Page 118 of Dark Romeo

I shouldn’t have turned around.

I shouldn’t have asked him to stay.

I shouldn’t have left my window open for him.

“Roman,” I whispered against his shoulder as I drowned in the nearness of him. “What happens next?”

I lifted my head to look up at him. His eyes were furrowed with pain, his beautiful lips pressed thin as he gazed at me. “Sleep,” he managed to croak out.

There was nothing left. Only unanswered questions.

What if…

If only…

The answers were ones that we didn’t want to face. At least not right now.

I closed my eyes. In the complete darkness behind my eyelids, I gained the courage to press further into him. His body burned hotter than anyone I’ve ever met. It seared me to my bones and yet the heat was like a balm to my aching soul.
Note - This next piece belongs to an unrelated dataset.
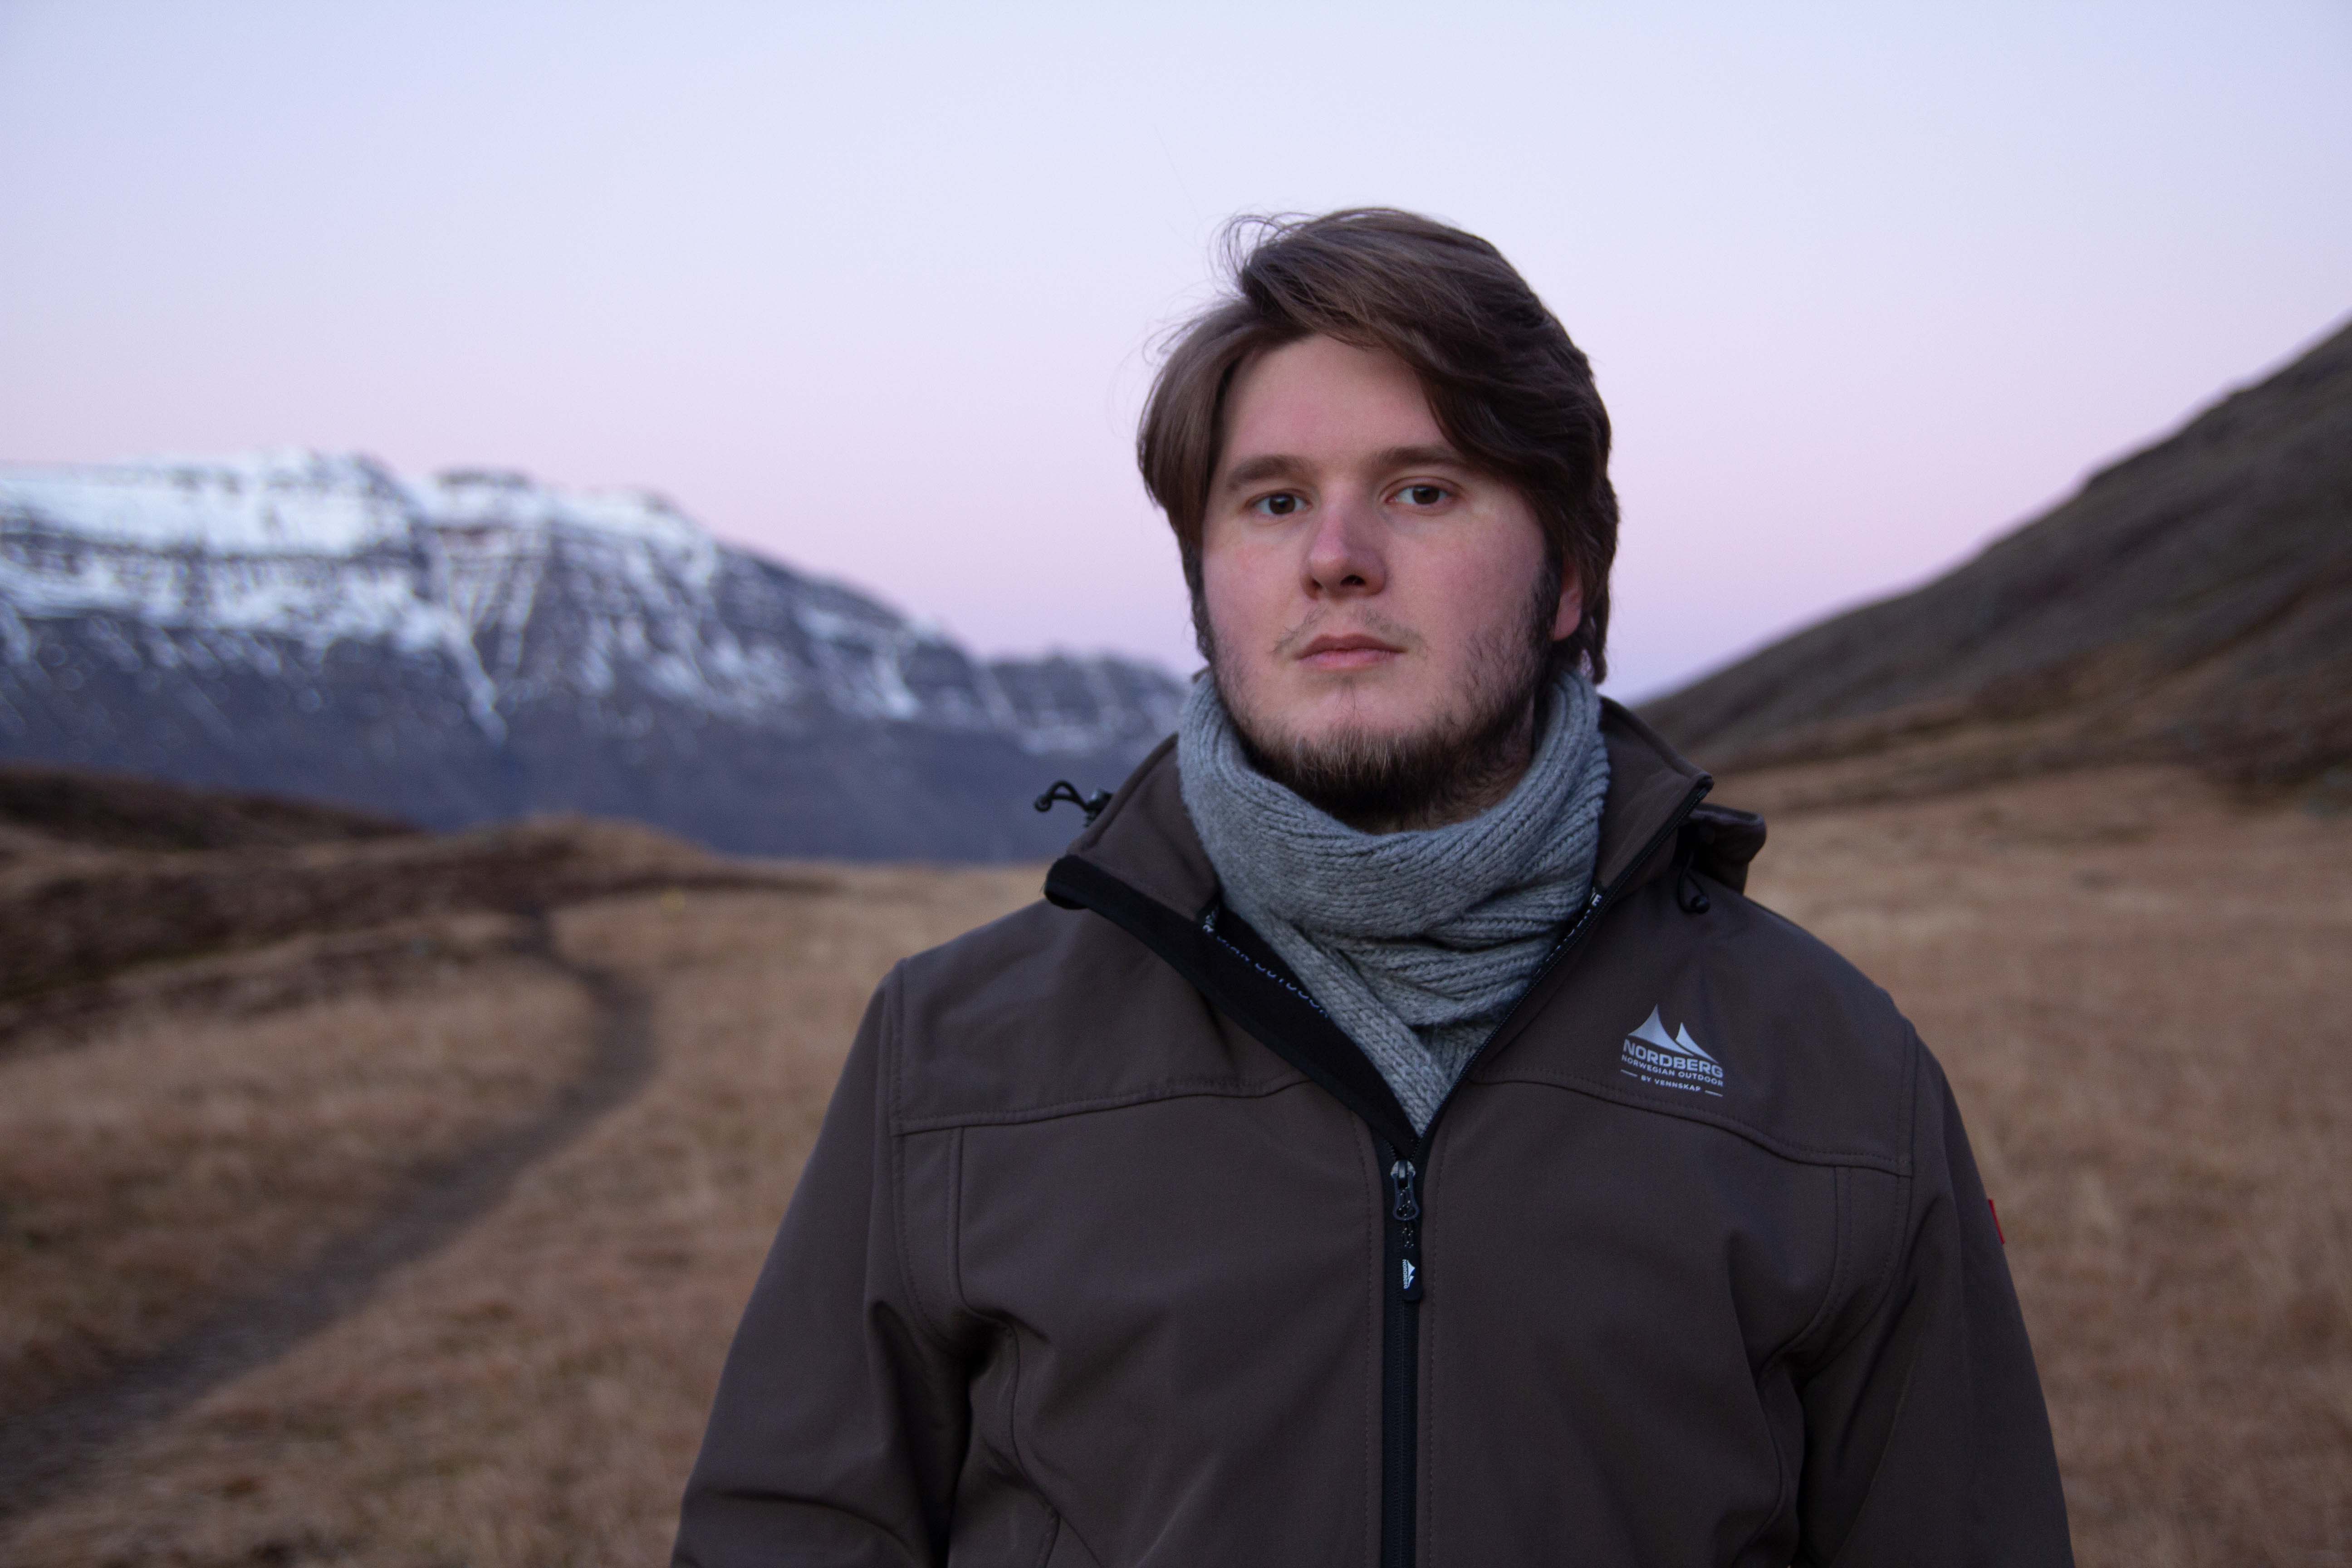 Philipp Valenta in Iceland <br> Image author: Philipp Valenta; Image usage: Use with source reference permitted for editorial contributions via KWS. Commercial distribution to third parties is not permitted.
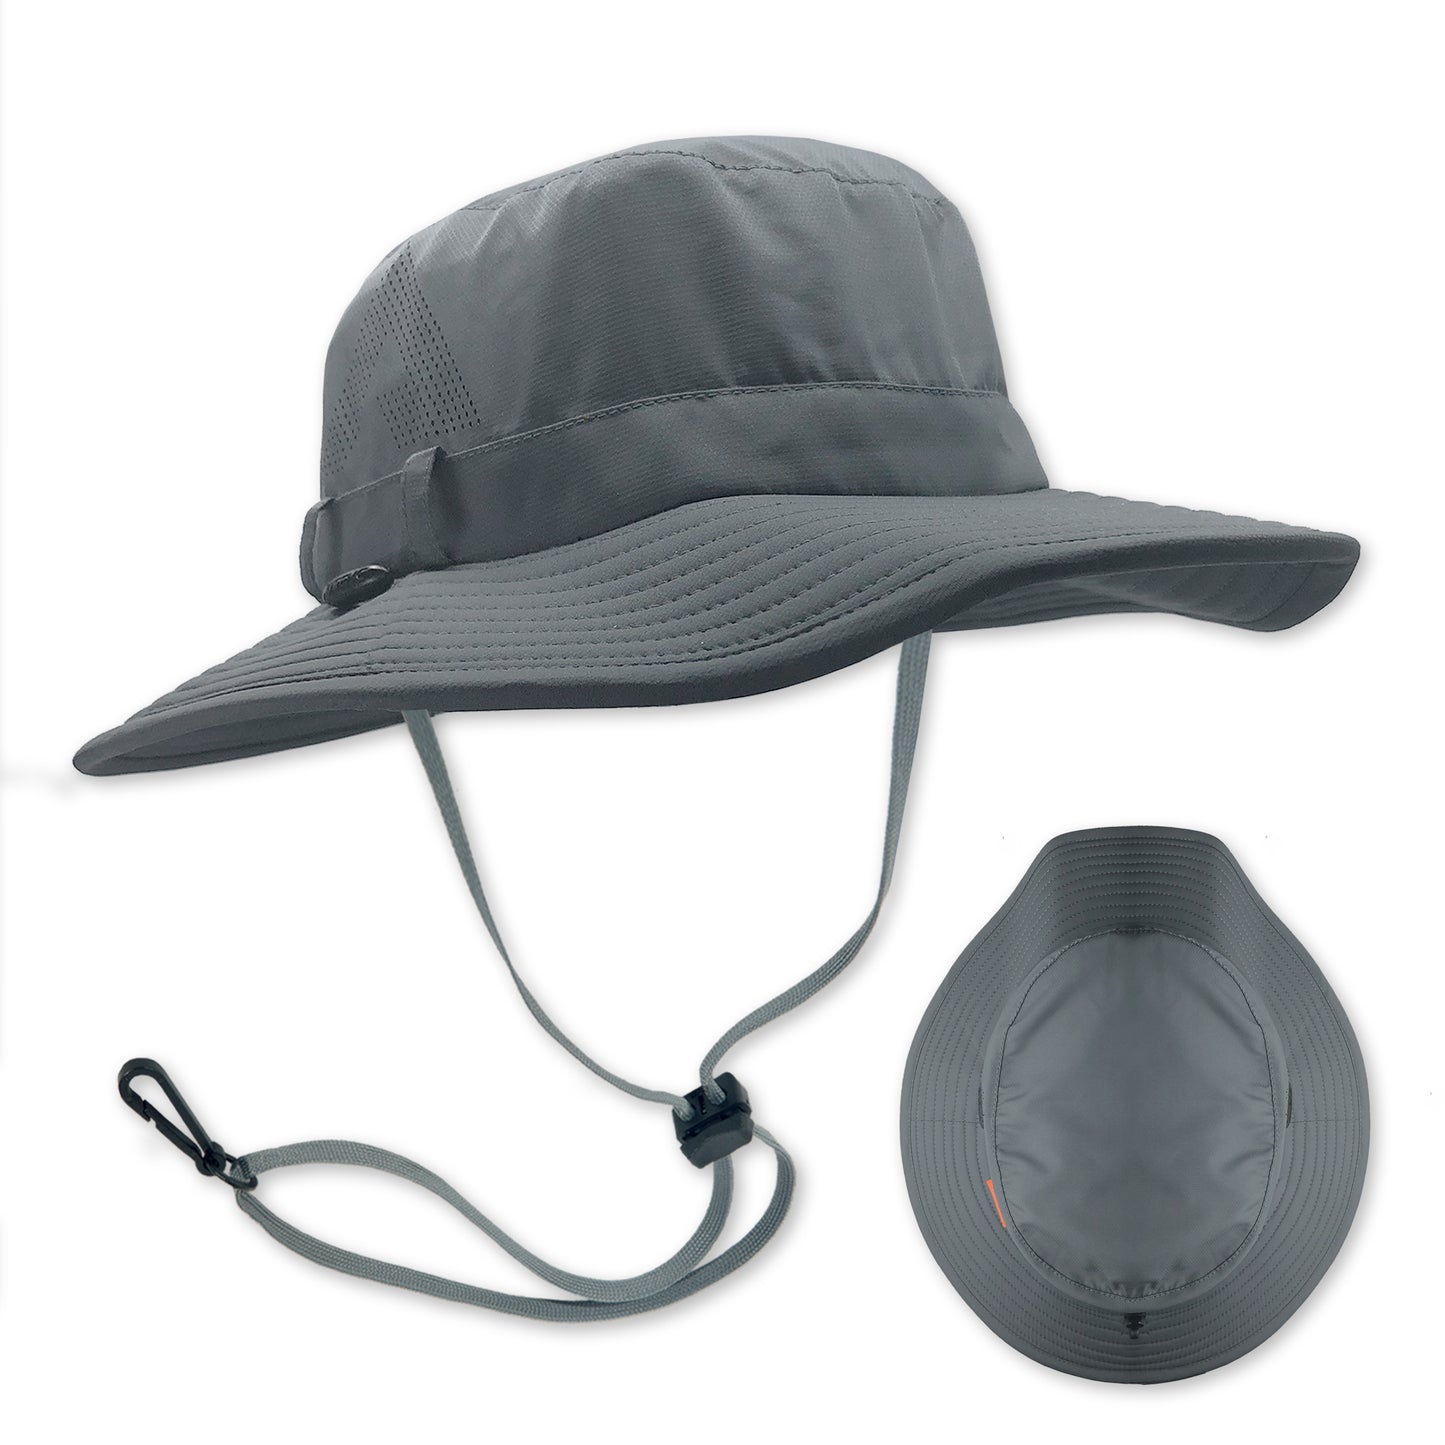 The Condor sun hat in the color storm grey is a more traditional looking style features a deeper crown for air flow and a wider downward angled brim for more UV protection. A full vapor barrier liner keeps the fabric off of your scalp and allows air to flow through the laser cut venting holes and breathable fabric.. The new Condor does NOT have a stash pocket. This was done to make the hat lighter.

I inhaled his scent of cedar and man, letting it fill my lungs.

I was in the arms of a man who basically admitted to stalking me, a man who threatened to cut someone to pieces with a knife, a man whose presence beside me put me in grave danger from his family, and yet I felt safe.

Safer than I’d felt in a long time.

ROMAN

____________

I was lying in bed with Julianna Capulet. And we weren’t naked.

Well…this was new.

I could do this. I could just lie here with her and not?—

She shifted her leg over mine, her thigh now pressing right against my dick. I stiffened, the awareness flooding down my body. Fuck, I missed her honey skin and soft, warm curves. I reached for her, halting just before I touched her.

Don’t be a dick, Roman. She was attacked tonight. The last thing she needs is for you to attack her too, you horny bastard.

But she asked you to stay. That’s practically an invitation to?—

Keep your damn hands to yourself, you selfish fucker.

I gritted my teeth against the feral desire that gripped me, threatening to break my control. She wasn’t making this easy. What the hell did you even do with a woman in bed if you weren’t fucking her?

Cuddles. I seem to remember one of the women I dated complaining that she wanted to cuddle in bed. How was I supposed to “cuddle” her without crushing her? I carefully placed my arm around Jules. She tucked herself further into the crook of my arm, her soft hair nestled against my chest, smelling like some kind of tropical flower. She sighed, a soft, happy sound. For some reason it made my chest cavity puff up. Damn. This was nice. Real nice. I could get used to this.

* * *

I woke up with a start.

My eyes took a second to adjust to the dim, the touch of dawn only just lightening the window. The strange window. This wasn’t my bedroom.

I became aware of the soft body beside me. Julianna. I was in her bedroom.

Shit. I hadn’t meant to fall asleep, but she’d been so warm and perfect. I stared down at the sleeping beauty. Her face was soft and completely relaxed.

I realized with a start, this was the first time I’d ever slept beside a woman without fucking her. What the hell did that mean?

Nothing. It means nothing. Now stop thinking and get the hell out of here before she wakes up.